The historical relations — familial and commercial — east and west of the Jordan River are very well-known and well-documented in this period, the American historian said.
"It is odd — and in part we can point to effects of political developments — that more is known about east-west relations over Jordan than north-south relations within Palestine."
In fact, this division by river banks is a 20th century terminology, McElrone stressed, and everyday “inter-regional connections were broader than we imagine existed before trains and cars".
McElrone, who wrote her dissertation on the implementation of Ottoman property-tenure reform in rural Hebron and spent several years in that city, is currently writing a book on the implementation of these reforms in the second half of the 19th century across Palestine.
McElrone pointed out the interconnectedness between Hebron and Karak. "Not only big families like the Majallis and the Amrs were going back and forth and developed familiar commercial connections, but members of smaller families as well also had similar connections," she said.

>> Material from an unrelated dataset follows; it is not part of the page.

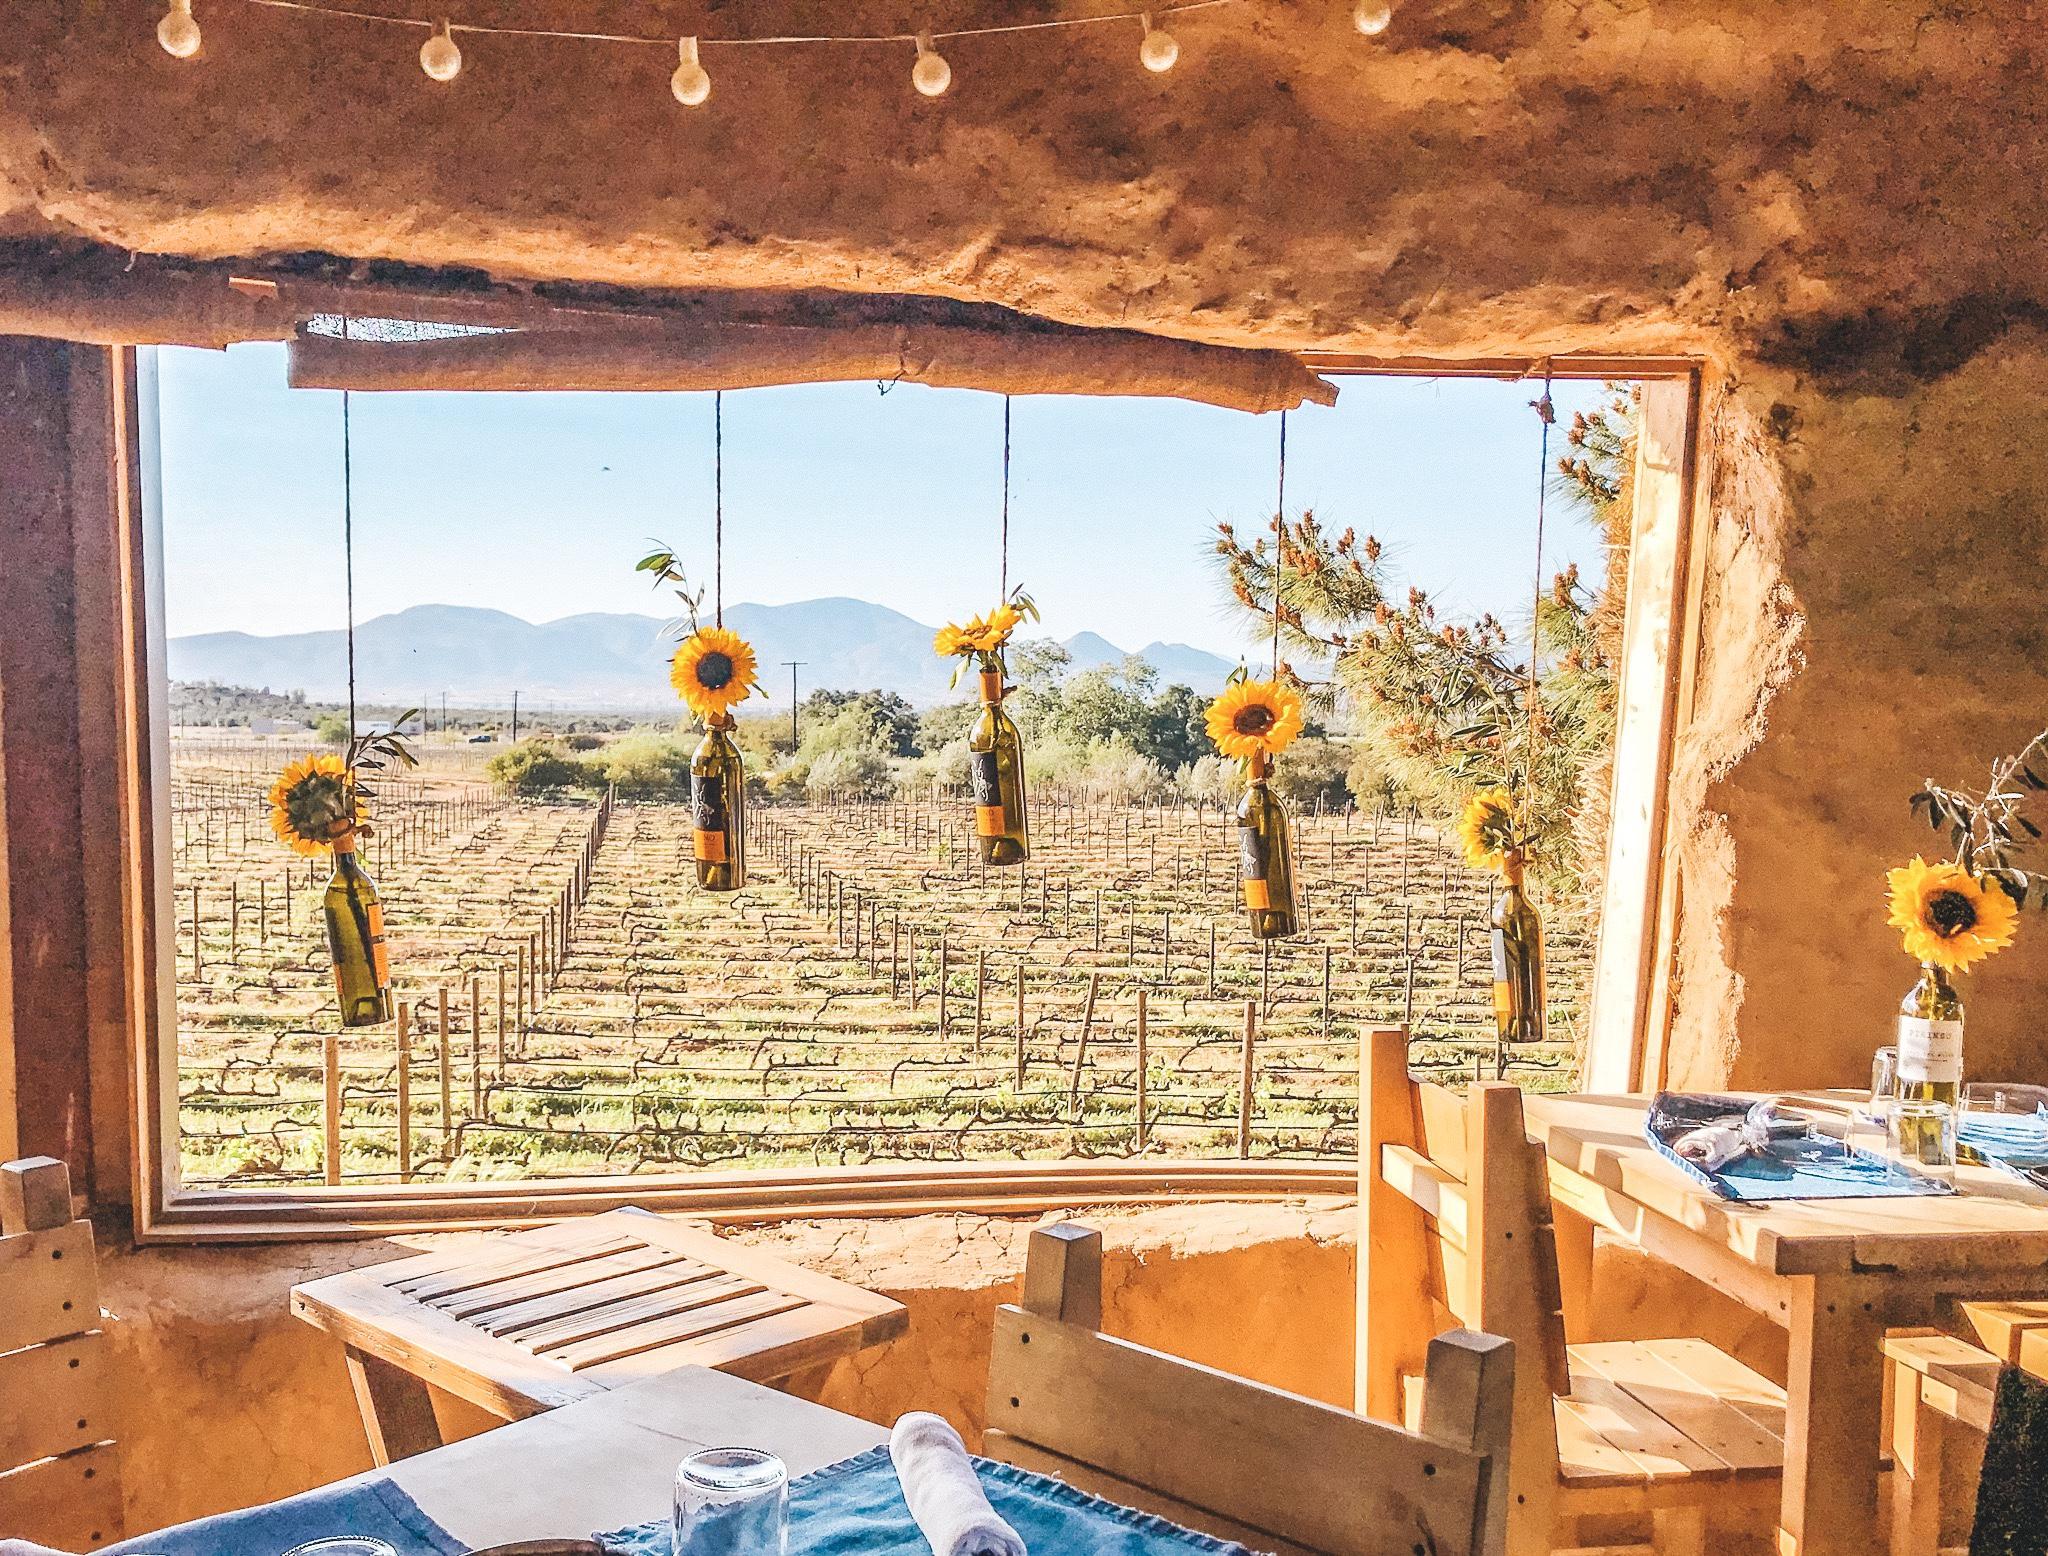 Deckman's El Mogor | Valle de Guadalupe | Photo by Erika Beach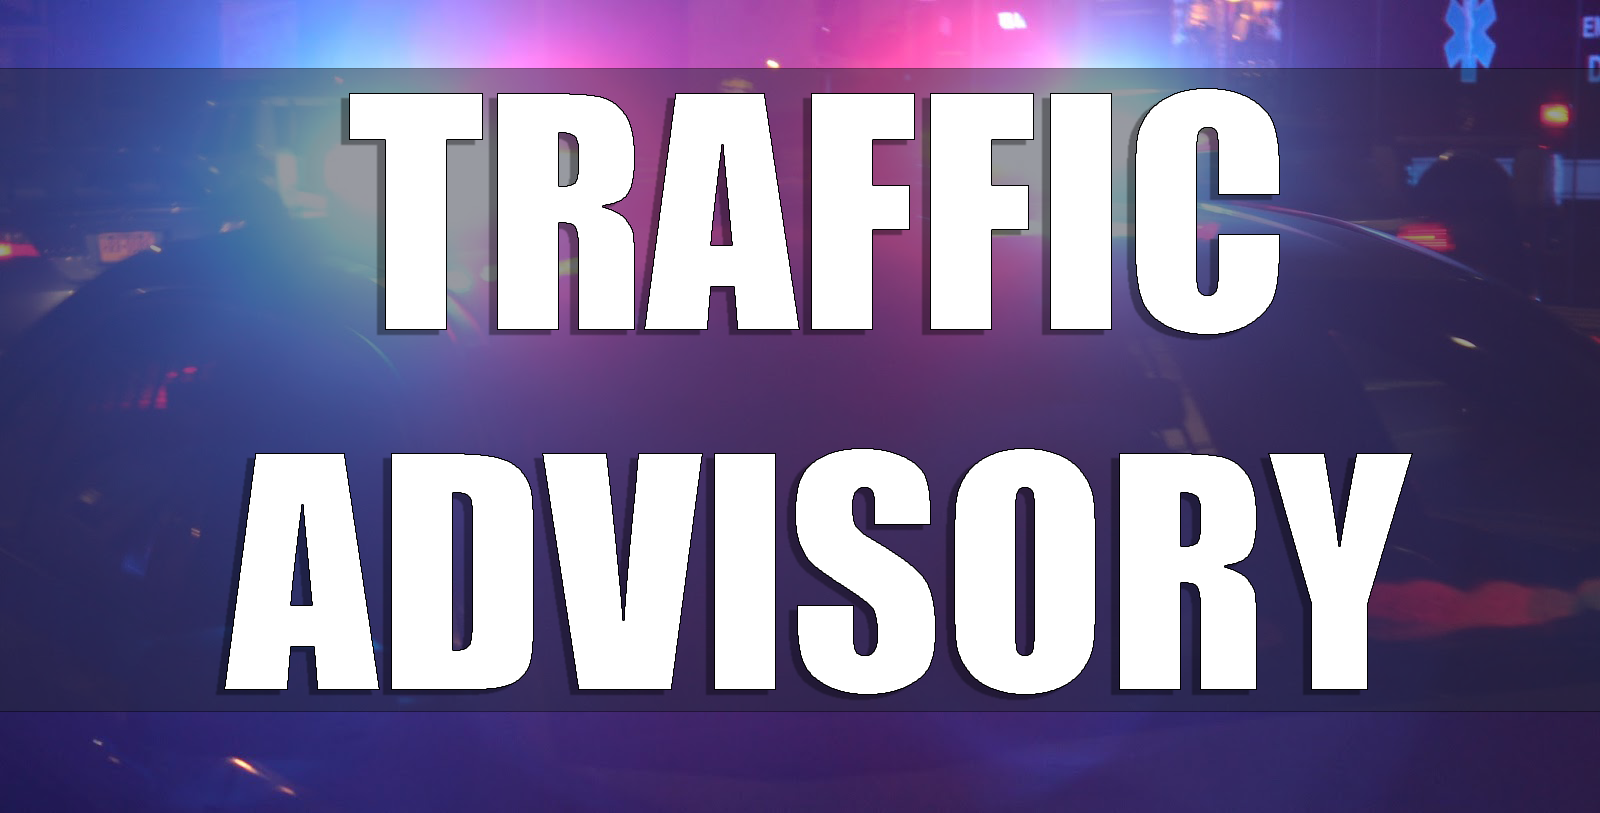 Traffic advisory issued

McElrone’s project covers historical land tenure, which also has implications for the present and the future.
"It is a project that contributes to rural Ottoman history by tracing patterns of land-tenure and the socioeconomic history of land-tenure in the Tanzimat [Reform] era," the historian underlined.
The Ottoman Empire was an agrarian empire with an overwhelmingly rural population, but this population has left the smallest imprint on the written record, making rural history the most difficult to uncover, McElrone concluded.